Viersen tanzt zu Eier mit Speck
Die zwölfte Auflage des Festivals hatte von Reggae bis Punkrock wieder alles im Repertoire.
Viersen. Wenn sich Chefs heute in Viersen und Umgebung wundern, dass Mitarbeiter etwas heiser sind, wird das daran liegen, dass sie am Wochenende laut mitgesungen haben — und das drei Tage lang. Nach einem begeisternden Festivalauftakt am Freitag hatten Musikfans am Samstagmorgen wenig Zeit, um in die Gänge zu kommen.
„Smash Hit Combo“ forderten den Besuchern von „Eier mit Speck“ schon kurz nach dem Frühstück alles ab. So hatten „Elfmorgen“ im Anschluss leichtes Spiel mit der Masse: Die Band ließ mit nach eigener Einschätzung „krachlautem Unfug“ keine Wünsche offen. Wie „Elfmorgen“ waren auch „Montreal“ nicht zum ersten Mal da. Vor sieben Jahren war die Band schon zu Gast, jetzt durften die Viersener erneut zu poppigem deutschsprachigen Punkrock abtanzen. Mit einem derart aufgeheizten, glücklichen Publikum hatte Popsängerin Alice Merton im Anschluss leichtes Spiel. Immer mehr Besucher strömten herbei, um sich „die mit dem einen Lied“ anzuhören — und blieben verzückt stehen, um der eindringlichen, klaren Stimme dieser musikalischen Fee zu lauschen.
Zur Einstimmung auf den Samstagabend wurden die Mönchengladbacher Powerrocker „Motorjesus“ gebührend abgefeiert. Für den aufmunternden Zuspruch der Massen gab es als standesgemäßen Dank AC/DCs „T.N.T.“ — alle zufrieden. Dass die anspruchsvollen, komplexen Kompositionen des „Devin Townsend Projects“ nicht in artifizieller Schönheit zugrunde gehen, ist das Verdienst seines Namensgebers. Townsend schlägt das Publikum im Nu in seinen Bann. Eloquent, humorvoll, musikalisch souverän, dazu mit dem nötigen Quantum Selbstironie operierend veredelt er das vermeintlich sperrige Genre Industrial Progressive Metal zur livemusikalischen Delikatesse.
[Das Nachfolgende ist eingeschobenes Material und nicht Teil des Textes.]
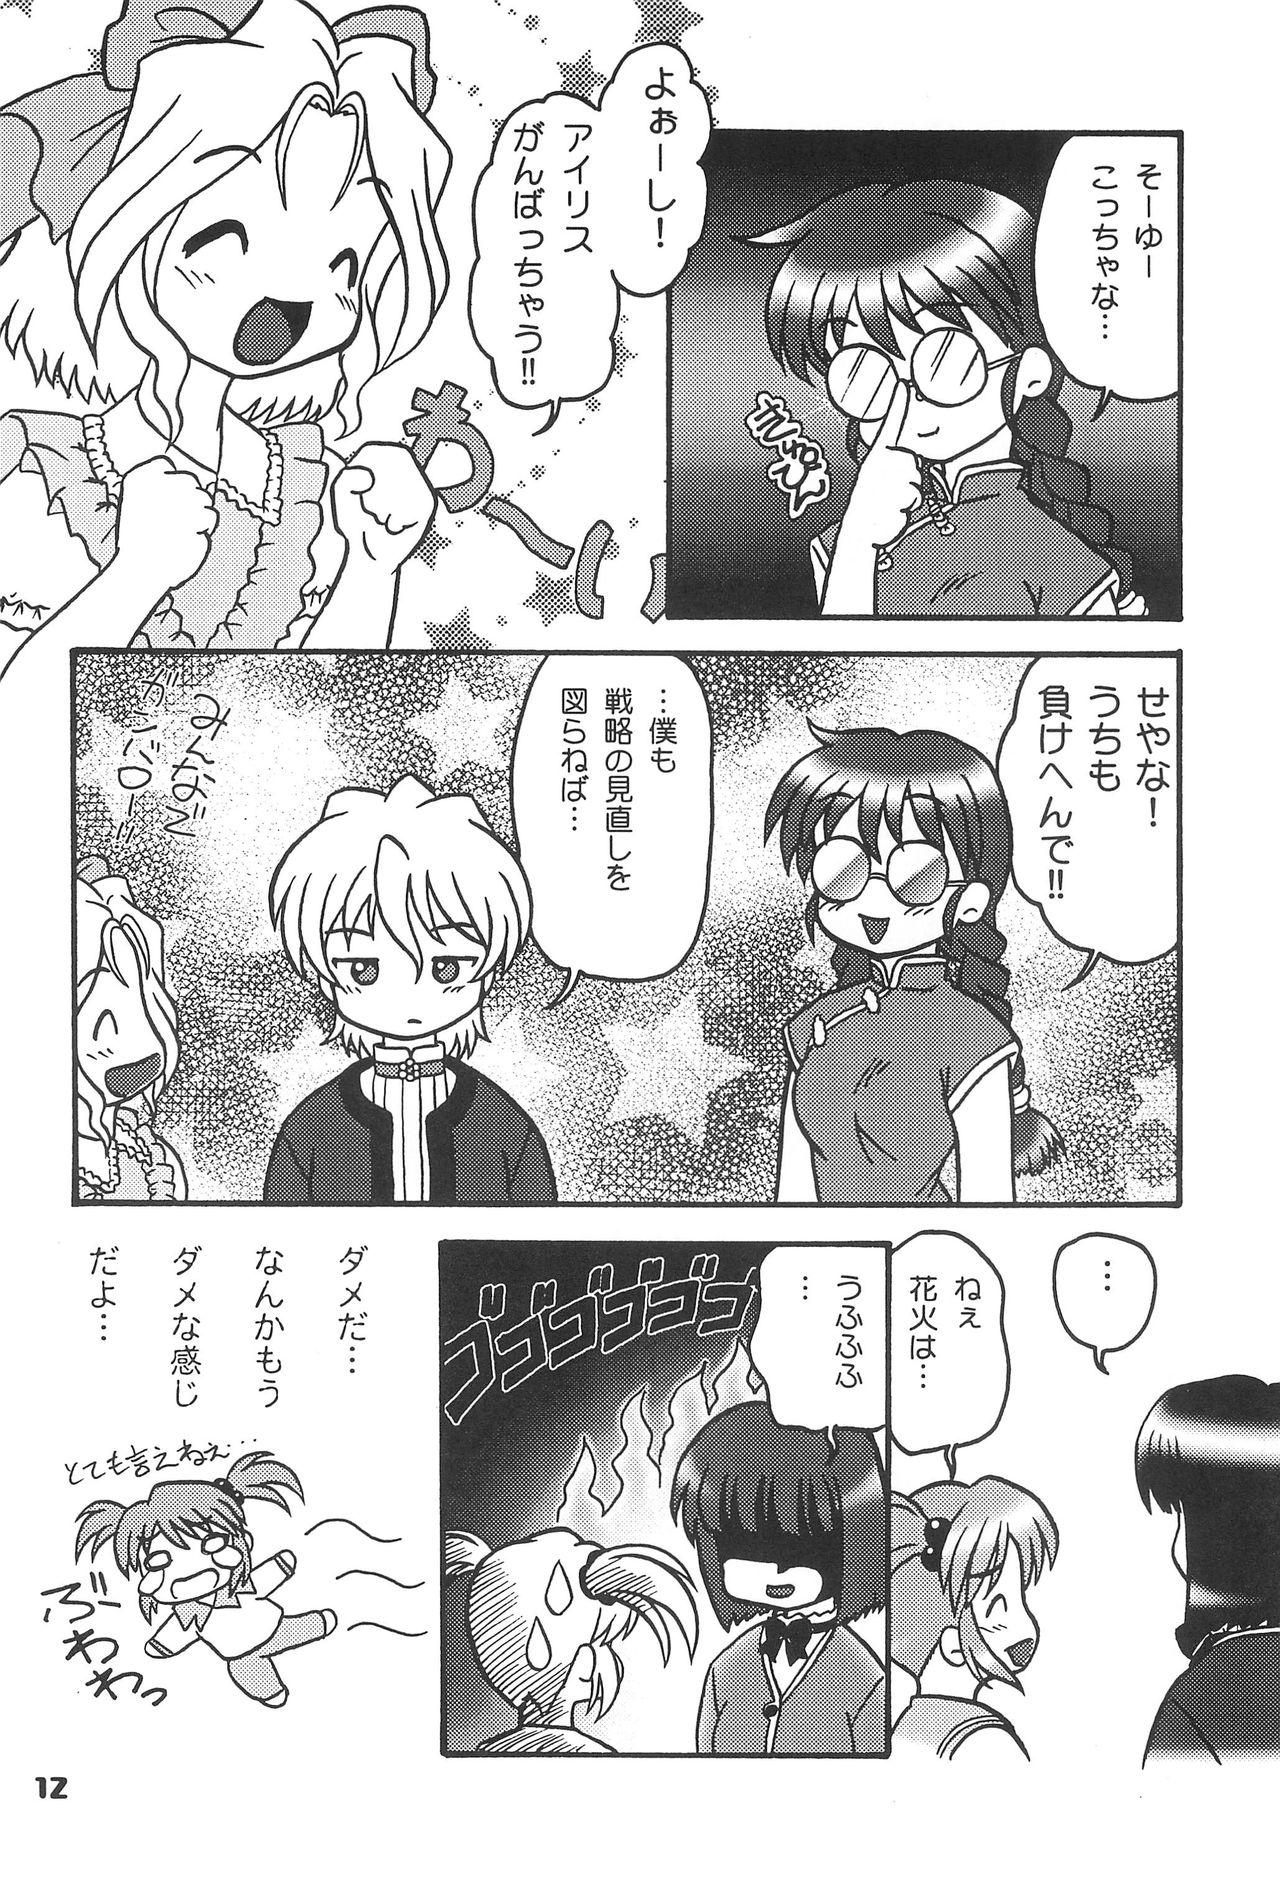 Club Kono Chiisana Mune no Uchi 2 - Sakura taisen Culazo - Page 11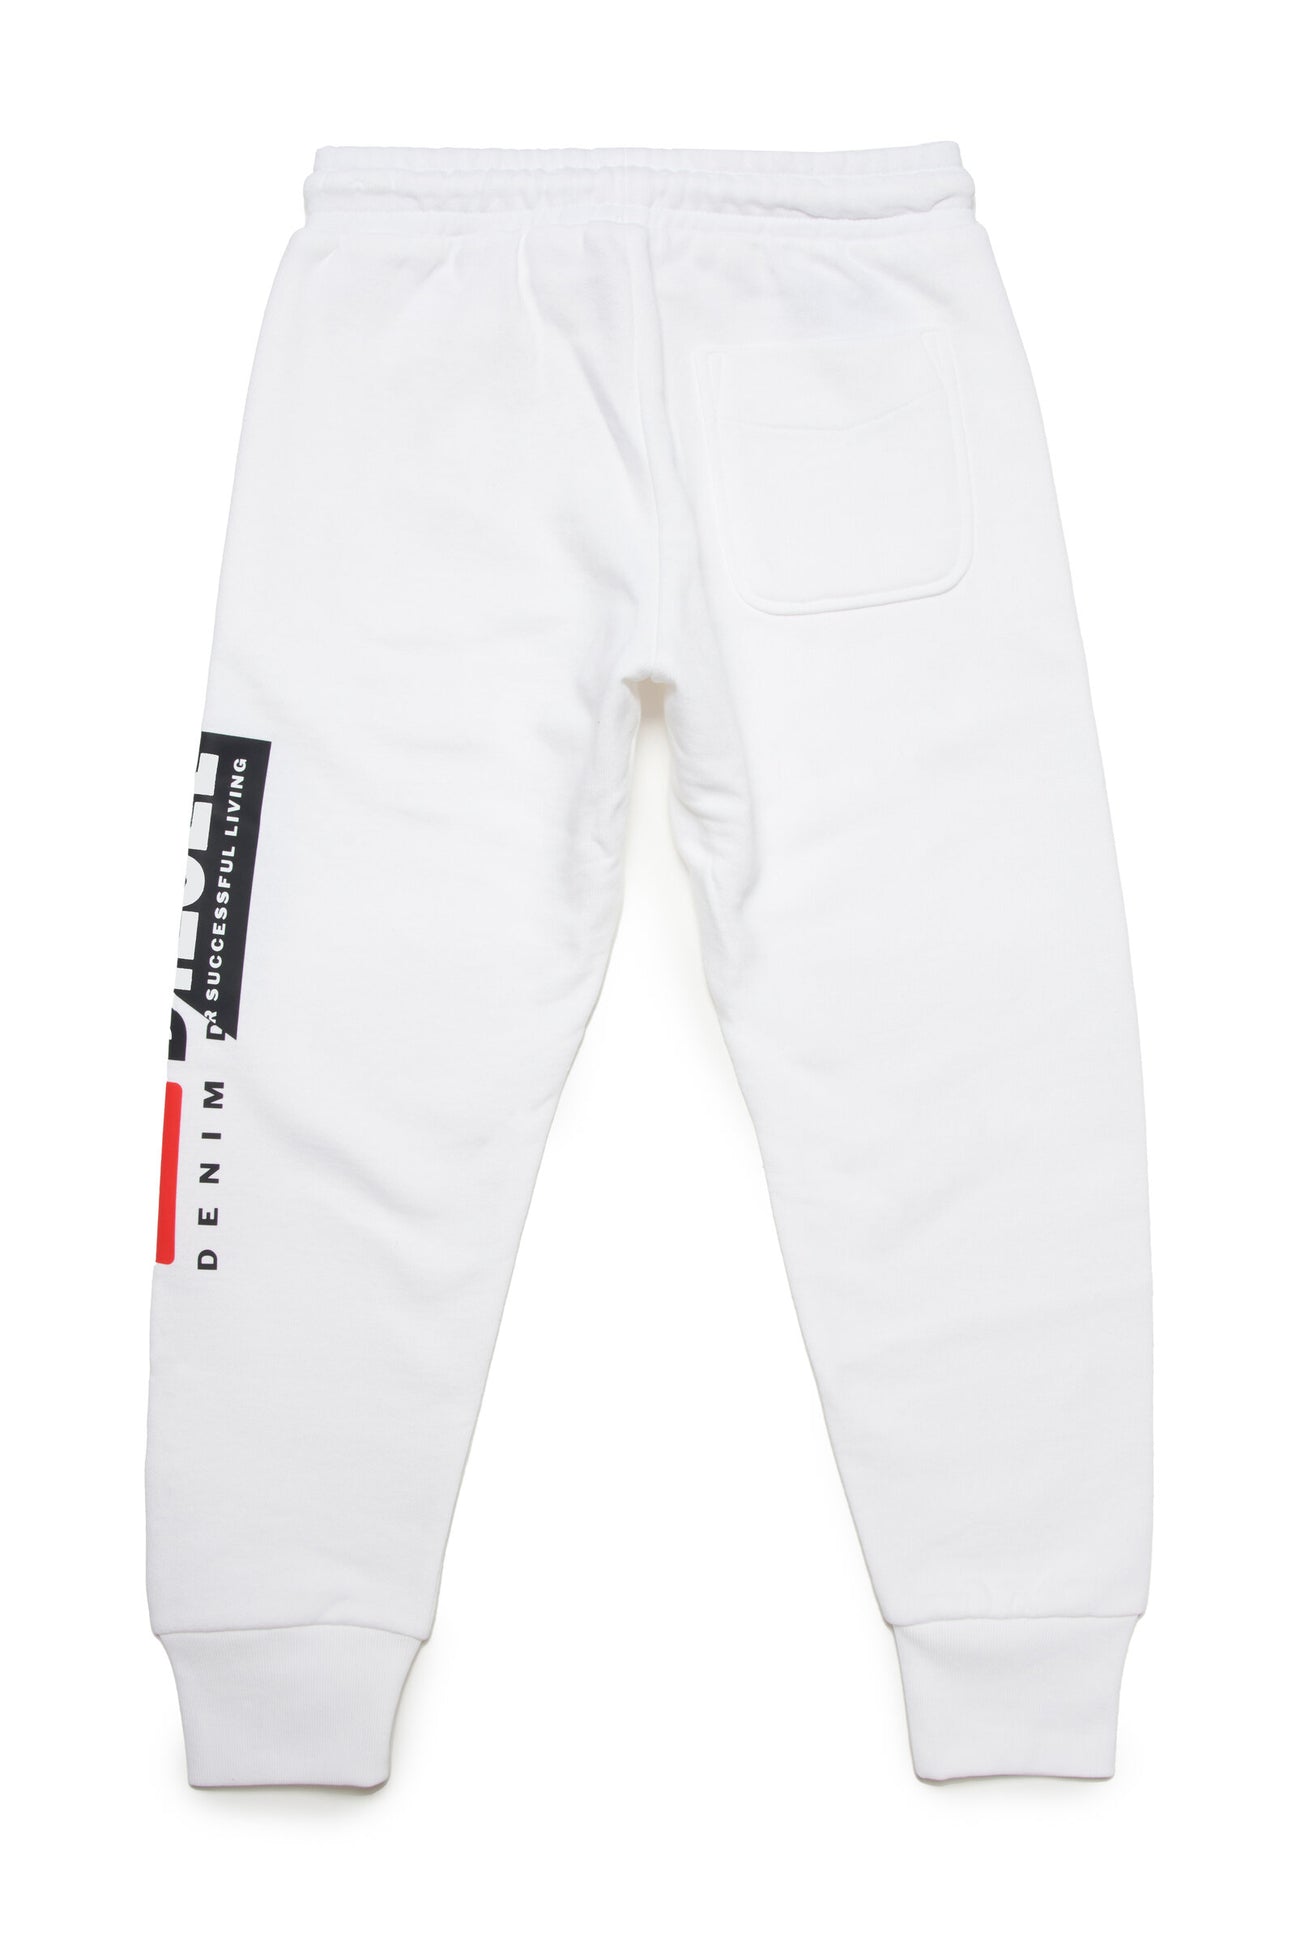 Pantalón jogger blanco con logo Diesel double Pantalón jogger blanco con logo Diesel double

Ob es wirklich Sinn macht, Robbie Williams’ „Angel” als Rockabilly-Version zu covern? Einen Tick plausibler fühlt sich da schon der Backstreet-Boys-Gassenhauer „Everybody” an. Wie auch immer: der Zweck heiligt bei „The Baseballs“ die Mittel. Jedenfalls wurden die Rock’n’Roll-Tollenträger zum Samstagabend-Abschluss vom bekanntlich feierfreudigen Publikum bejubelt.
Mit einem „Circle Pit” zum späten Frühstück begrüßten die Berliner Punkrocker „Smile And Burn“ den sonnigen Sonntag. Es folgte womöglich die musikalische Entdeckung des dritten Festivaltages: Die australischen Zwillinge Pierce Brothers vermischen furcht- und respektlos Folk mit Punk, bauen Bluesharp ebenso ein wie Didgeridoo. Als Schlagzeug-Ersatz fungieren mal der Bühnenboden, mal der Korpus der gerade bespielten Akustikgitarre. Mit diesen eher archaischen musikalischen Mitteln kreieren die Brüder einen verblüffenden Groove mit eigenständiger Note. Mit „Swiss und die Andern“ aus St. Pauli folgte eine umjubelte Abrissparty erster Güte, veredelt durch klare politische Haltung. Wahrlich „keine belanglose Musik”, wie Swiss zurecht feststellte.